What about performance? With Drizzle we began doing benchmarks early on, using a few different benchmarks. The benchmark generated by sysbench has always been the benchmark we have used as our bellwether. Unlike a lot of databases we test Drizzle with up to 1024 concurrent executing queries. Most of the benchmarks I see people run are for far less connections. We have chosen time and time again to favor performance gains at the high end, over gains on the low end. We are roughly double in performance from where we began. We could still do a lot better. MySQL 5.5 has a new meta data locking system which should do well in a number of situations, we could do a bit better in some of these cases. Our lack of a MyISAM would make it simple for us to move forward in this direction if we want too.

There has been a lot asked about our claim on scaling with lots of cores. Our process there is simple, eliminate locks, favor performance gains when we find them that favor of additional CPU, and try whenever possible to remove strong ownership that require waits for locks. MySQL relies on MyISAM, and MyISAM has significant locks, especially around the keycache, we got rid of those by freeing ourselves from MyISAM. We have had some gains with our new scheduler and we have done some to improve how IO is handled.

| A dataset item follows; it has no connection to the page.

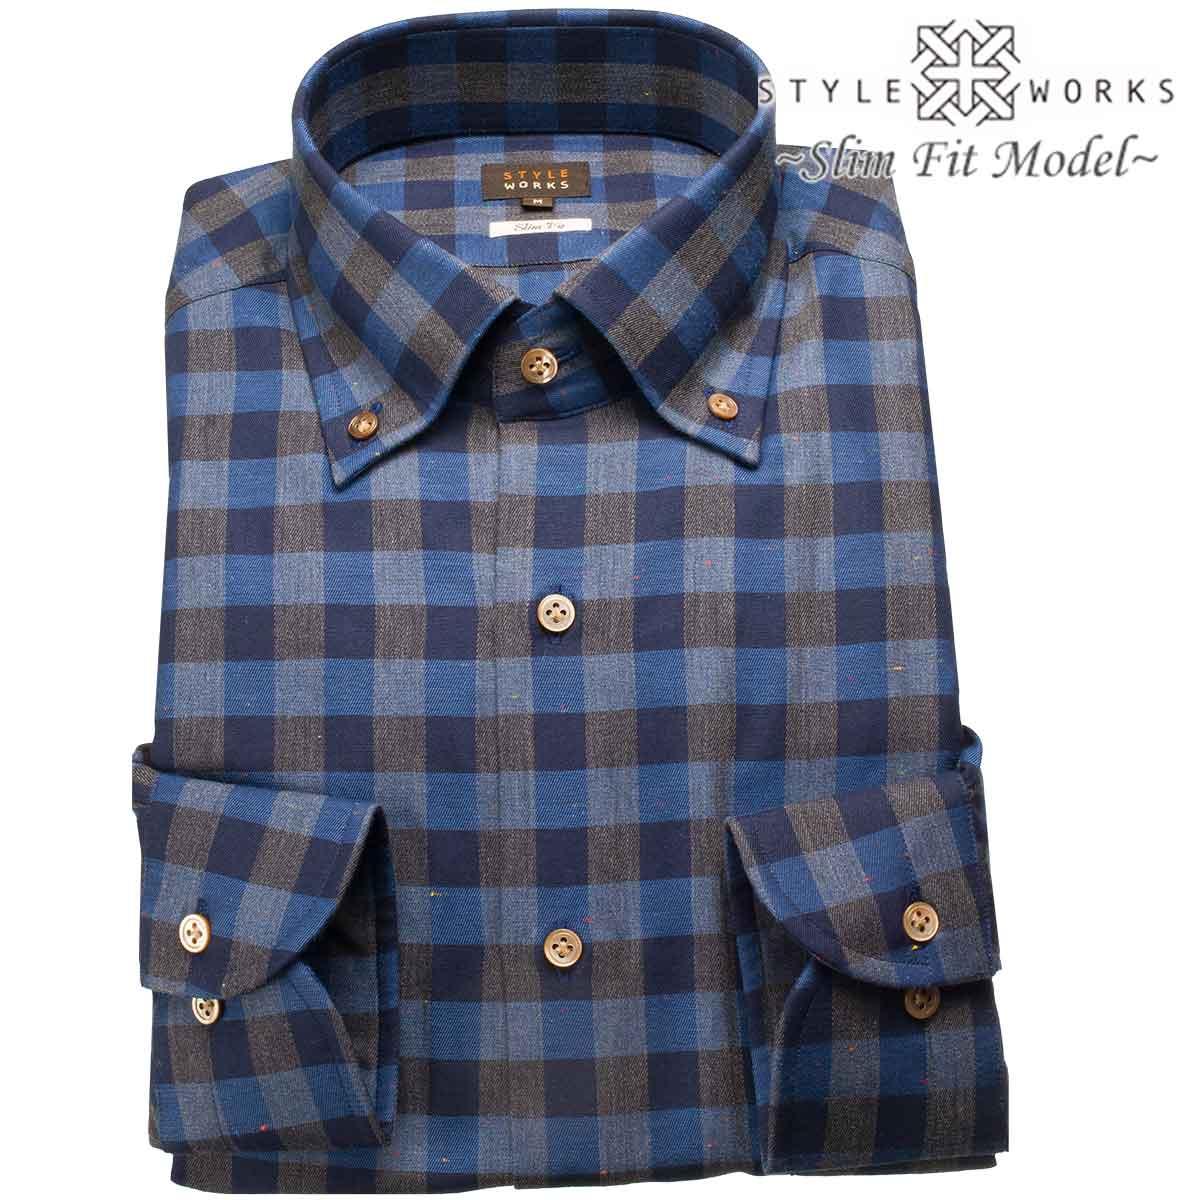 ドレスシャツ ワイシャツ シャツ メンズ 国産 長袖 スリムフィット 長袖 GIZA88 ボタンダウン ブロックチェック ネイビー・ブルー・チャコールグレー

I am sure we have a lot of tuning still to do. We won't be publishing benchmarks which compare us to others though. I've yet to see a comparison benchmark which wasn't completely flawed, and even when they are not, few people really understand them. They fall into the classic "how many angles does it take to dance on the head of pin" conversations.

Our authentication system is modular, and we need to iron out more of the authorization system.

I've seen someone say that Drizzle is designed for Google and Facebook. This is not the case at all. We built it so that the next Facebook, Google, etc would have a platform to build on. Facebook and Google have their own forks of MySQL, they aren't going to be using Drizzle. The pieces are there for the next company who needs to innovate, it is just a matter of someone making use of them. We speak the MySQL protocol, so the typical MySQL application runs just fine on Drizzle without change. We designed Drizzle to work as a piece of someone's current infrastructure, not be yet another application which has a costly integration. We have a NoSQL sort of solution via the blob streaming module, but we are first and foremost a relational database.

What will the next Google or Facebook find? A much more friendly platform than what MySQL provided to develop on and with. The big success for Drizzle has been in the people that have been involved. We are without a doubt the descendant of MySQL that has the largest contributor base, and we have long passed MySQL with regards to contributors. We are well into the hundreds when it comes to developers who have contributed code. We have had more then 921 commits in the last month across 20 people. Our numbers go up and down, but we are consistently more then double anyone else in size. If you just walked out of college, or skipped it all together, you are going to have a much easier time adjusting Drizzle to your needs . At least we believe this :)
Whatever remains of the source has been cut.